This is the time of year – in a presidential election year, that is – where any reporting on politics can’t help but lean toward that fast-approaching special Tuesday after the first Monday of November. You know the one I mean. In any other year, it would be commanding ALL the headlines, whereas this year, presidential politics have taken a backseat to the pandemic, protests and wildfires.
OK, maybe that’s not quite right, given that our politics these days are like a black hole consuming the galaxy that once encircled it. Which is to say: Once it was a bright, shiny sun – the envy of all the world – and then, you know, it went supernova and collapsed upon itself, and now it’s a churning maelstrom that pulls in and pulls apart anything that drifts too close.
But hey, that’s democracy, right? Sometimes we fight. And sometimes we REALLY fight.
But this magazine is not about political fisticuffs.
This magazine is a celebration of our democracy, and we are doing that by profiling all kinds of people who have made politics their life’s work.
But please note: We’ve kind of left out the politicians.
Instead, we are focusing on the people who actually make the process work – the grassroots community organizer, the pollster, the volunteer, the political operative, the campaign manager, the party chair and so on.
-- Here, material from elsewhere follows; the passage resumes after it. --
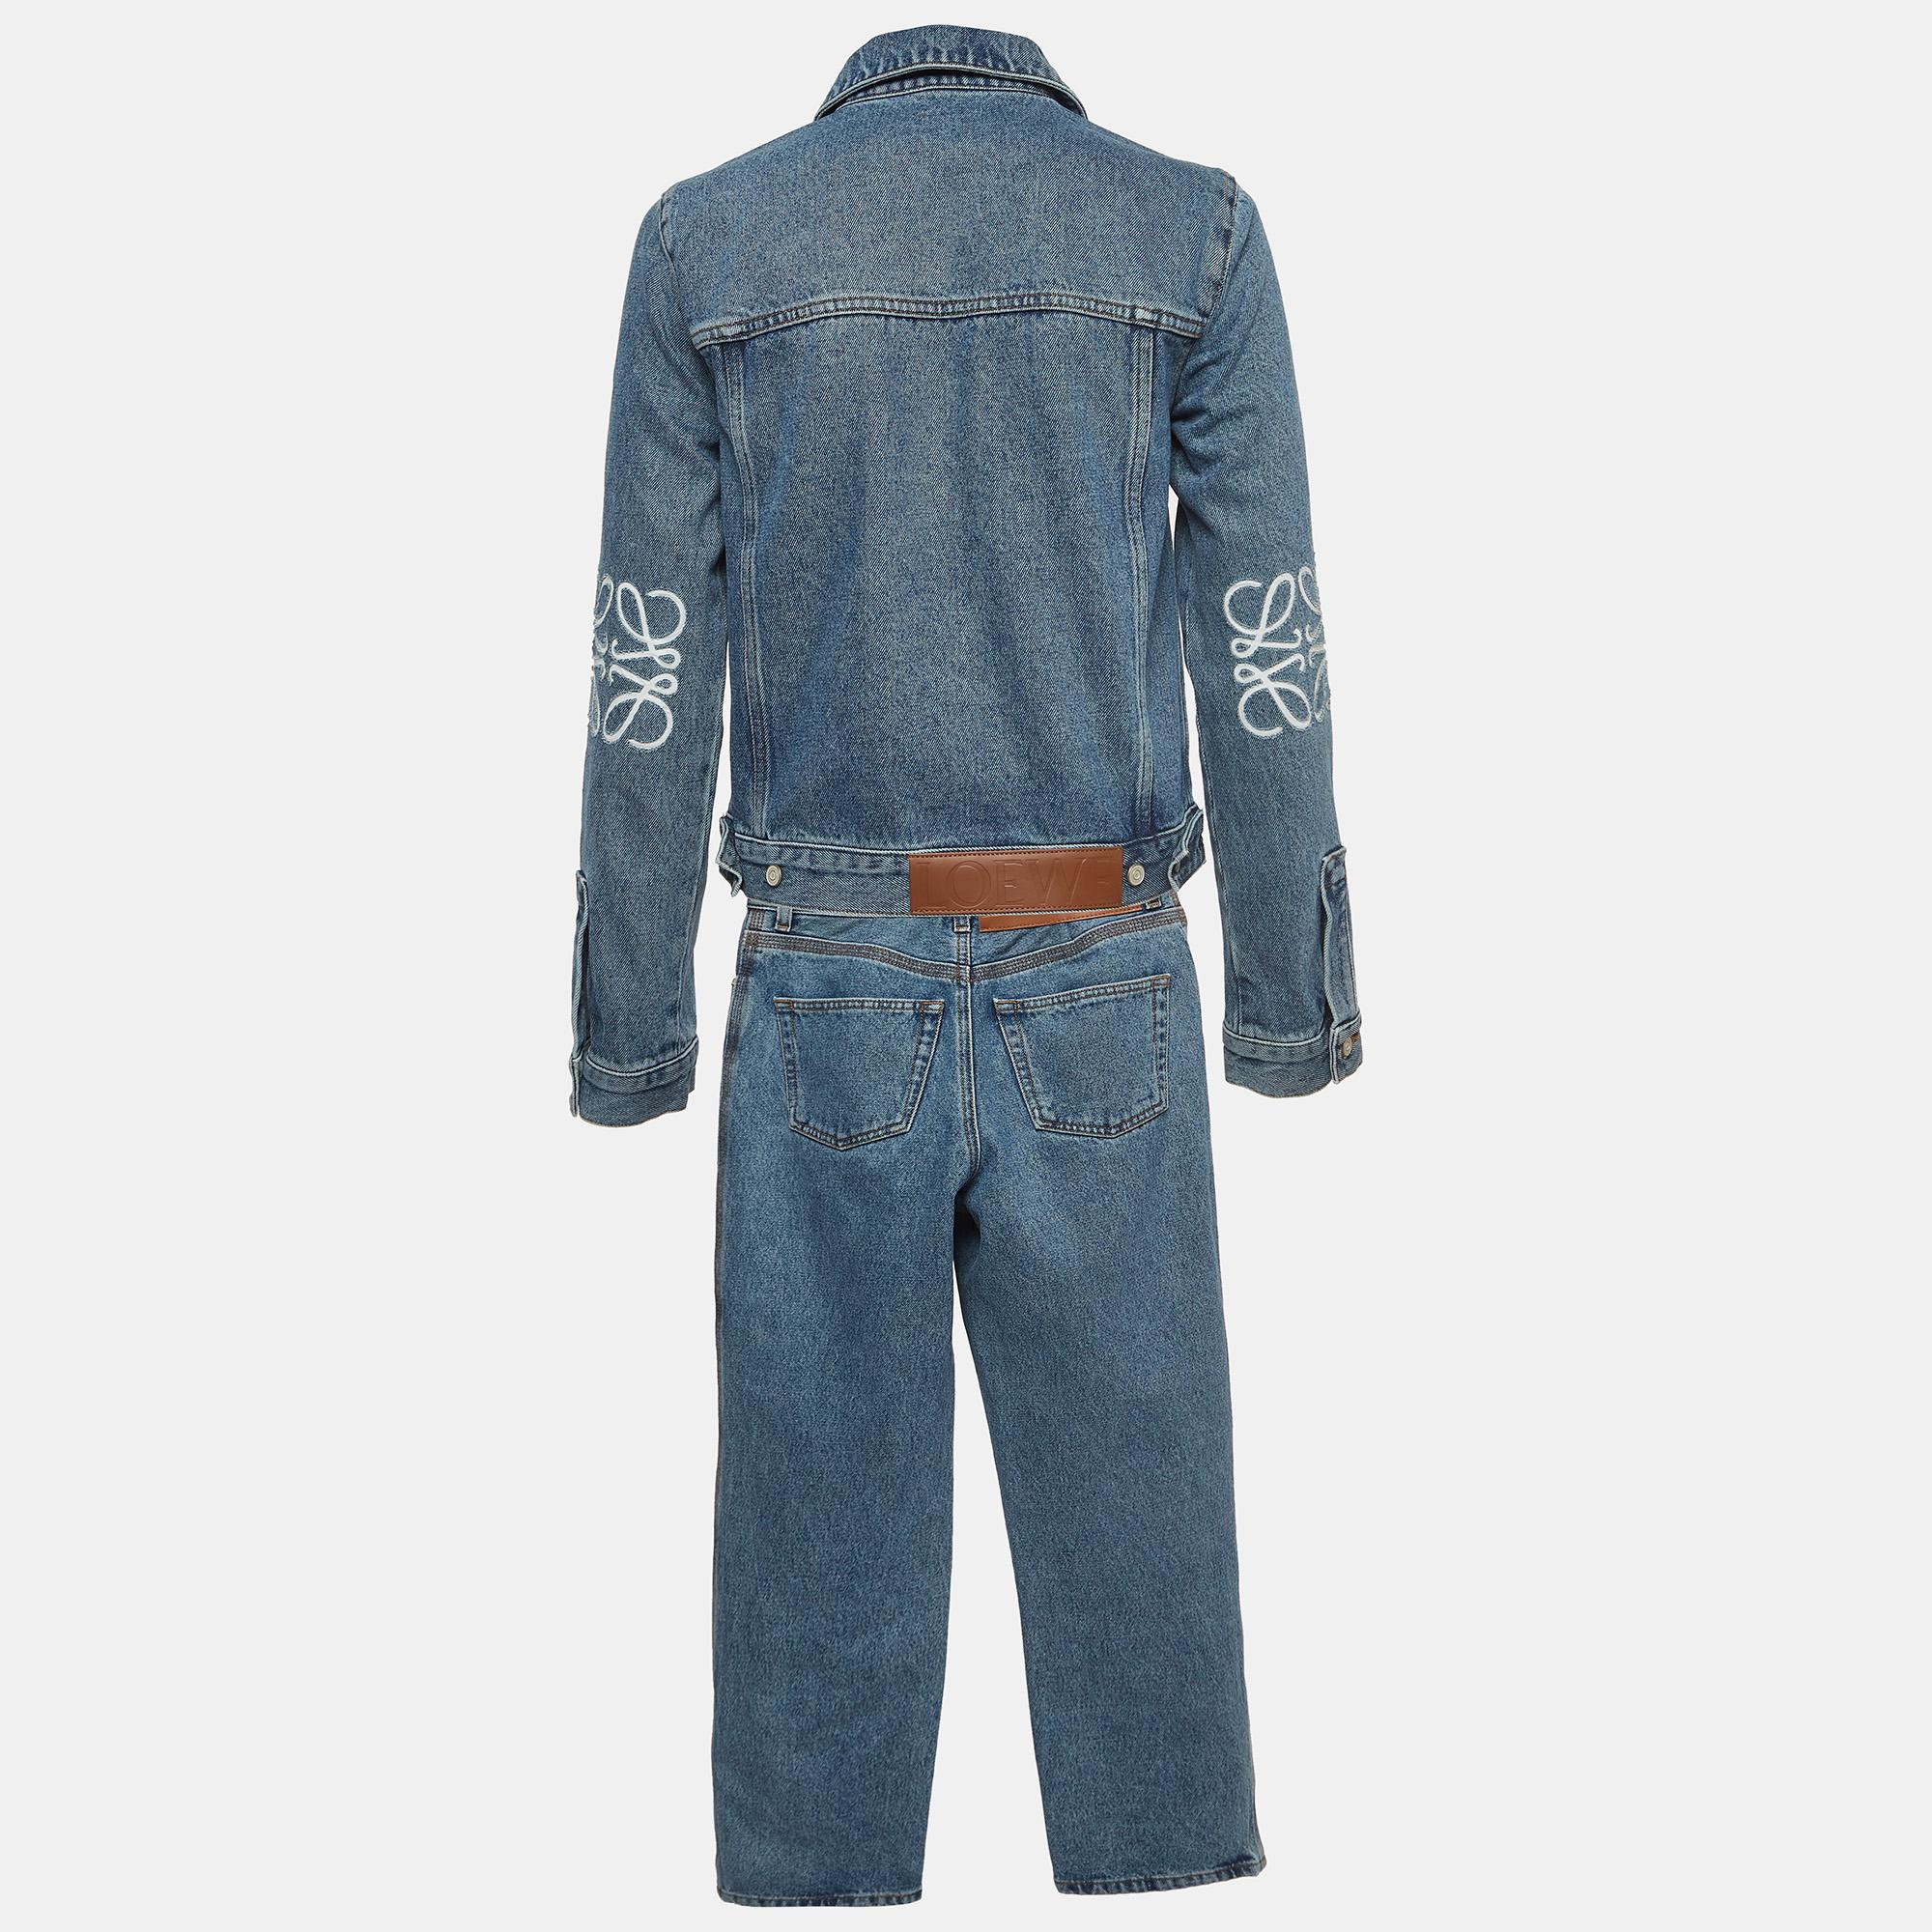 Loewe shows us how to nail the denim-on-denim look the right way. This set comes with a jacket and a matching pair of jeans. The brand logo adds the right finish. Style the set with a pair of sneakers, loafers, or heels.

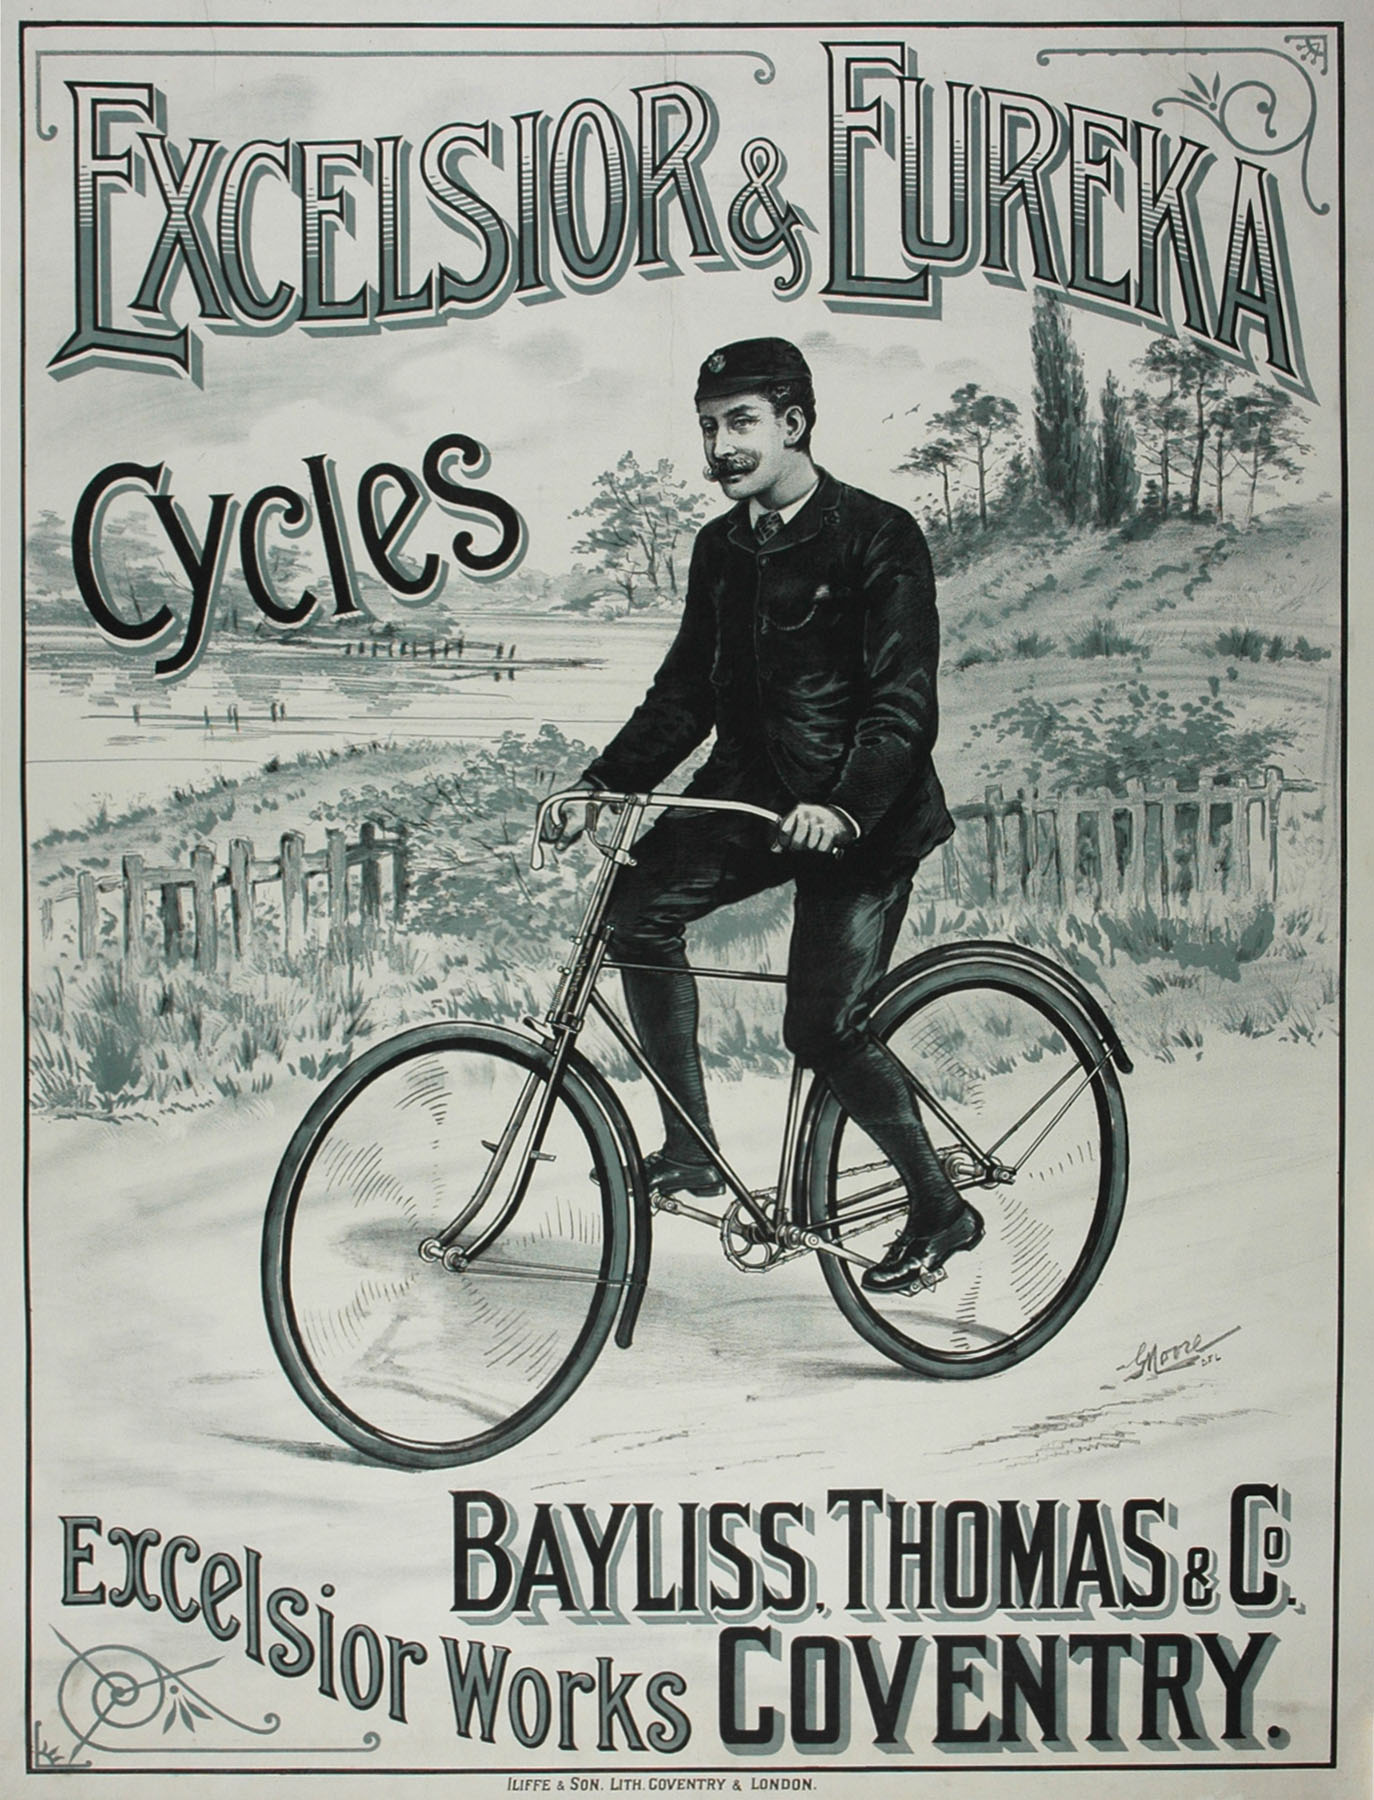 Excelsior & Eureka Cycles

We’ve picked people from both parties, and we’ve done our best to leave the platforms aside in favor the personal stories in hopes that no matter which party you pledge your allegiance to, you’ll see that all of these people – even the ones you might normally refer to as THEY or THEM or even as something less generous – are just people.
Like you and me.
And like you and me, they are Americans who believe in the promise of our great nation and in the enduring strength of our republic.
In the following pages, you will meet people like pollster Adam Probolsky, whose career was born in front of his father’s bagel shop, and who says, “In California, the world was, and still is, wide open. Anybody can be anything.”
You’ll also meet political consultant Leo Briones, who offers his origin story in his own words, telling how a childhood brush with racism ultimately led him to an abiding interest in history and politics and ultimately set the course of his life: “I chose democracy and politics,” he writes.
And you’ll also meet the new chairwoman of the state Republican Party, Jessica Millan Patterson, whose political career started at 16, when she announced to her parents (both Democrats) that she wanted to volunteer at the Los Angeles County Republican Party Headquarters.
And there are many others as well, from both sides of the proverbial aisle and from all walks of life.
We hope you will find something in common with the new faces you’ll find in these pages, even if that commonality is as simple as the fact that we are all Americans, and together, we can build a better and brighter future.